- Date: December 18, 2002
- Season: 2002
- Stadium: Ladd–Peebles Stadium
- Location: Mobile, Alabama
- MVP: Marshall QB Byron Leftwich
- Favorite: Marshall by 2.5
- Referee: Tom Ritter (SEC)
- Attendance: 40,646

United States TV coverage
- Network: ESPN

= 2002 GMAC Bowl =

The 2002 GMAC Bowl was an American college football bowl game. It was part of the 2002 NCAA Division I-A football season and was the fifth edition of the bowl game. It was played in December 2002 and featured the Louisville Cardinals, and the Marshall Thundering Herd.

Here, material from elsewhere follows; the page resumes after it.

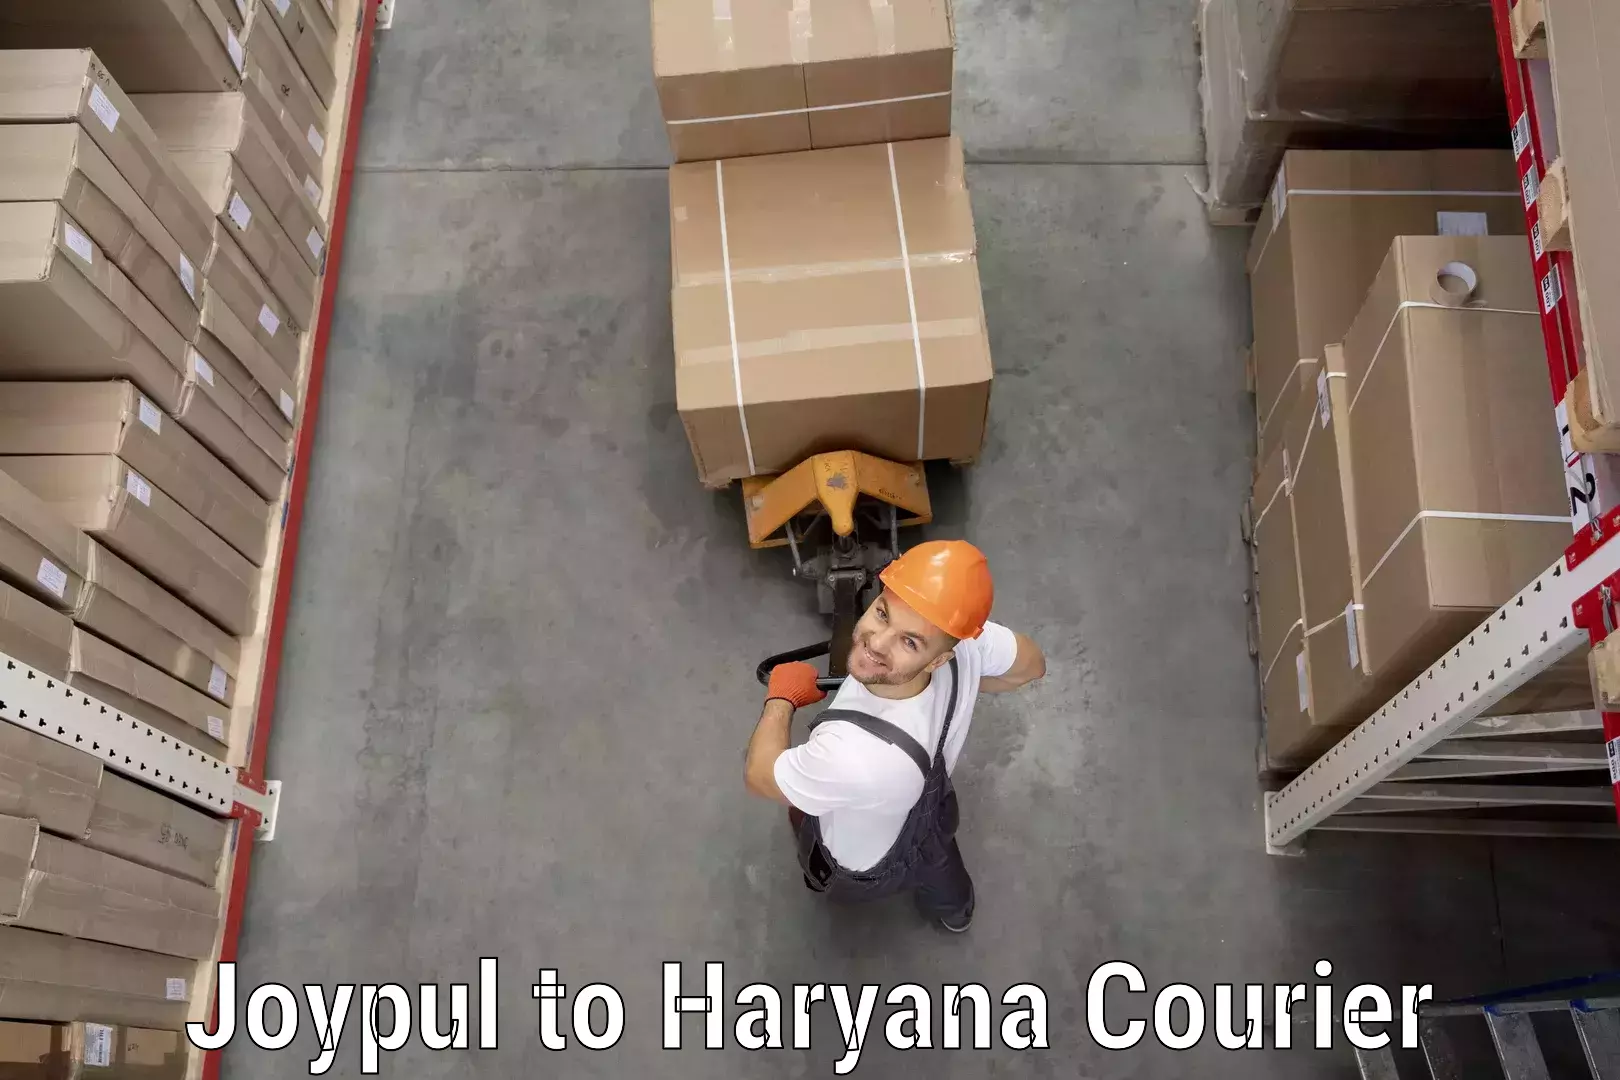 Same-day delivery options Joypul to Haryana
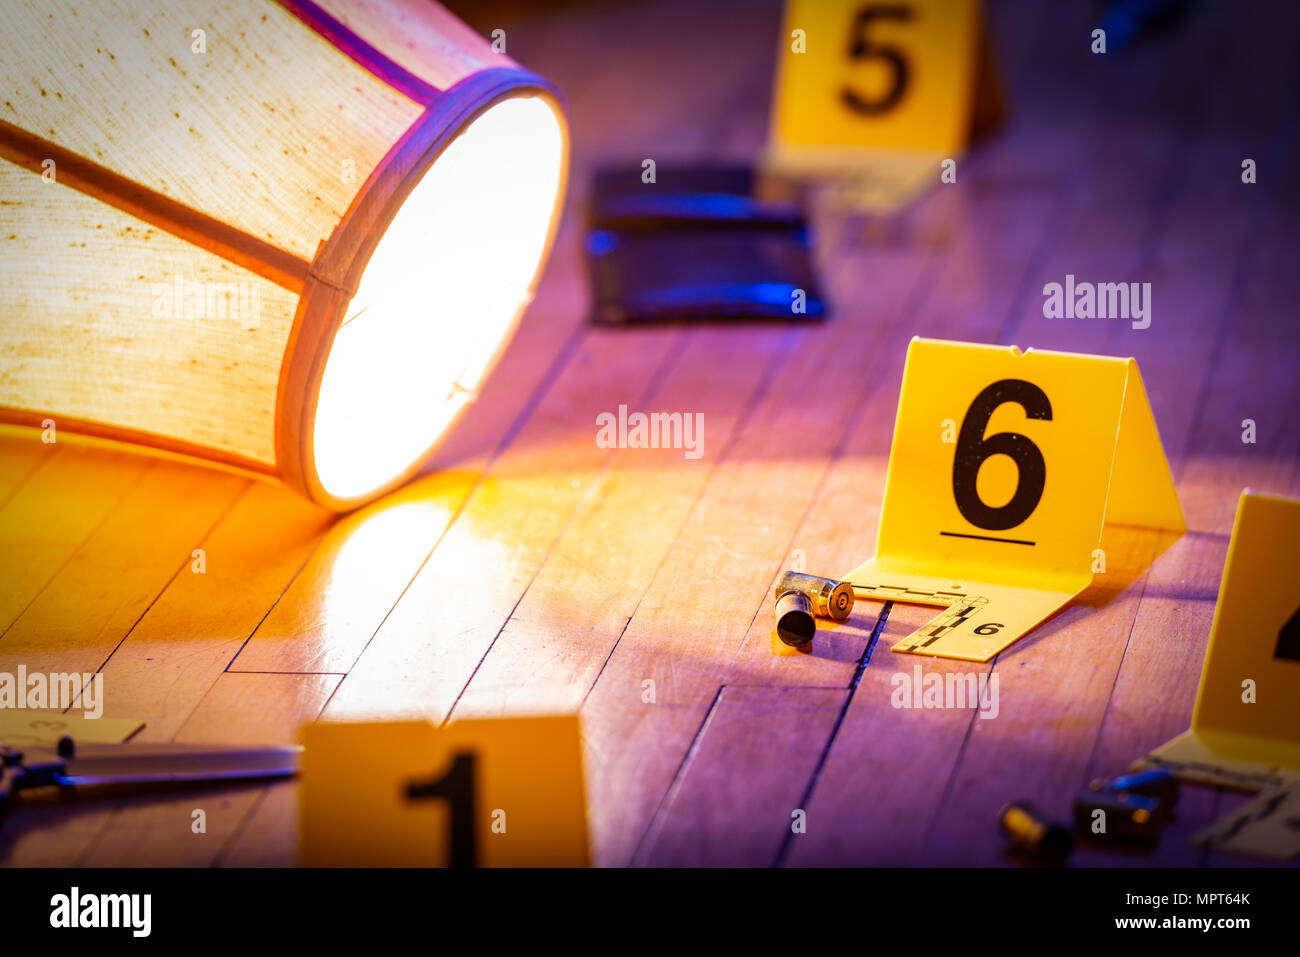 Evidence is marked with evidence markers on the floor of a home. A knocked over lamp lays nearby. Stock Photo

Marshall started the scoring with a 9-yard touchdown pass from Byron Leftwich to wide receiver Denero Marriott for a 7–0 lead. In the second quarter, Marshall's Curtis Head kicked a 23-yard field goal to give Marshall a 10–0 lead. Leftwich later tossed an 8-yard touchdown pass to wide receiver Demetrius Doss for a 17–0 lead. Louisville got on the board with a 2-yard TJ Patterson touchdown run, making the score 17–7.

In the third quarter, Leftwich again connected with Doss for a 12-yard touchdown pass and a 24–7 lead. He later found Marriott for a 26-yard touchdown pass in the fourth quarter. Franklin Wallace added a 15-yard touchdown run to give Marshall a 38–7 lead. With 13 seconds left in the game, quarterback Dave Ragone found Tiger Jones in the end zone for a Louisville touchdown. The two-point conversion to Jones made the final score 38–15.

The game was also notorious for Louisville's players learning from fans during the first half that head coach John L. Smith had accepted the head coaching job at Michigan State.